Юрка отслужил в армии, поступил в семинарию, но не забыл своего ученика. Затем  пришла его пора служить в армии. И два года в стройбате он учился  отлынивать от службы и постигал благодатную силу стука. Дело опасное, но давало возможность выжить в этом суровом мире. И действительно, если начальство право, уже потому что оно начальство, почему бы всеми силами не работать на него?  Впрочем, Женька никогда не занимался философскими размышлениями, малейшие мысли о правде сломали бы его. Он всегда был практиком и практиком очень талантливым. Сколько ненужных и вредных людей, стоявших на его пути  он уничтожил! И сделал прекрасную карьеру!
Затем с некоторыми усилиями он поступил в семинарию, в которой уже учился Юрка, сумевший прицепиться  иподиаконом к какому-то митрополиту благодаря природной сметливости. Учиться ему было тяжело. Там где можно было заучить, зазубрить - получалось. Но там, где преподаватель предлагал подумать - был сплошной облом. К счастью, тогда думать начинали только в академии, и семинарию Женька закончил довольно легко. Конечно, приходилось не только информировать начальство, но и  стоять при дверях.
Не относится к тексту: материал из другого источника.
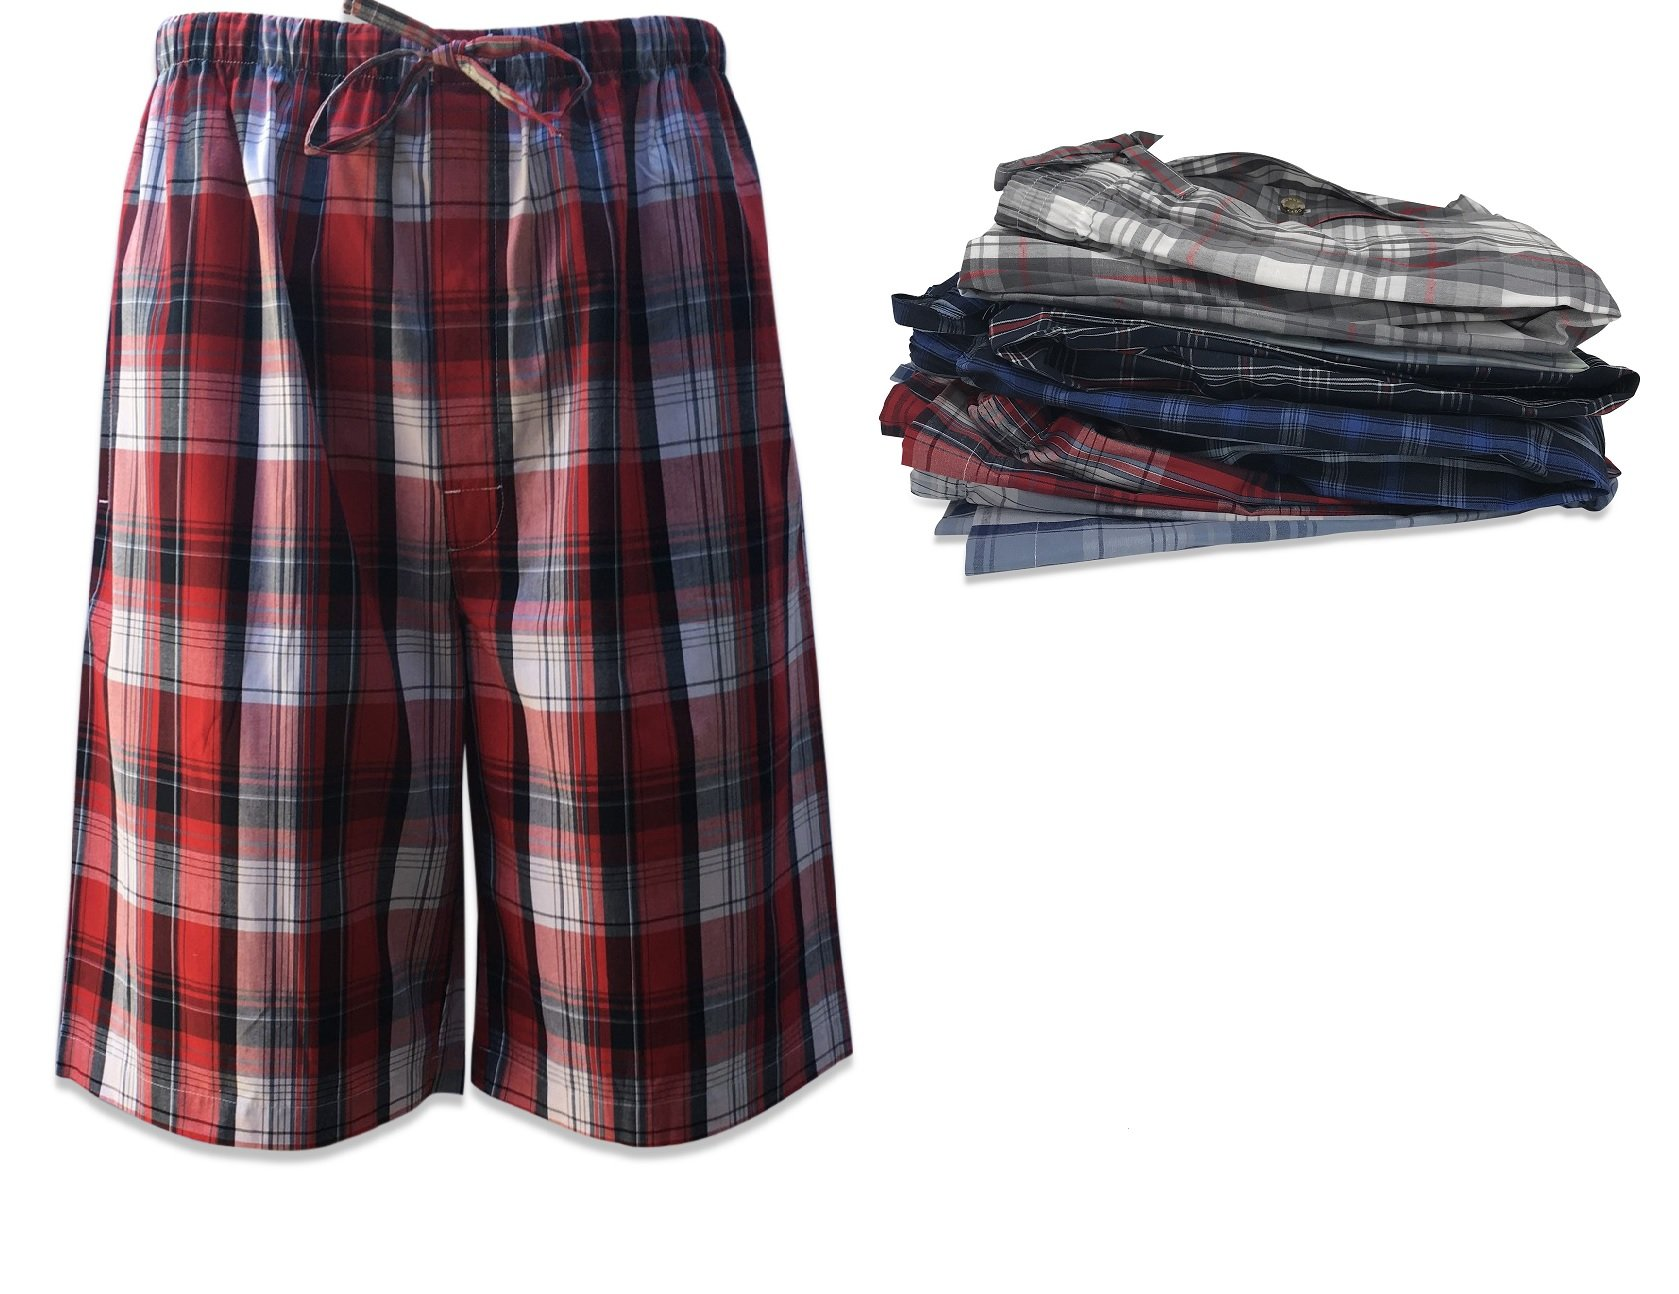 Men's 3 Pack Super Soft Woven Pajama & Sleep Jam Cargo Short Lounge Pants (X-Large, 3 Pack - Assorted Brilliant Plaids)

Были такие люди в духовных школах, которые всегда учтиво открывали дверь инспектору.  И он неизбежно отвечал про себя: "Какой смиренный студент! Из него выйдет хороший батюшка".  Женьке приходилось выявлять опасных для дела семинаристов, чтобы церковь не получала вредных батюшек.
О продолжении богословской карьеры в отношении Женьки не помышлял даже самый оторванный от действительности фантазер. Но после окончания семинарии все пошло как по маслу: диаконство, священство. Низкие поклоны перед начальством. И чем они были ниже, тем успешнее двигалось дело у смиренного диакона, священника. Постепенно, под руководством Юрки, укрепившись на новом поприще, Женька стал расправлять грудь, тем более, что неожиданно свалившиеся на страну обстоятельства, требовали набирать больше воздуха в легкие.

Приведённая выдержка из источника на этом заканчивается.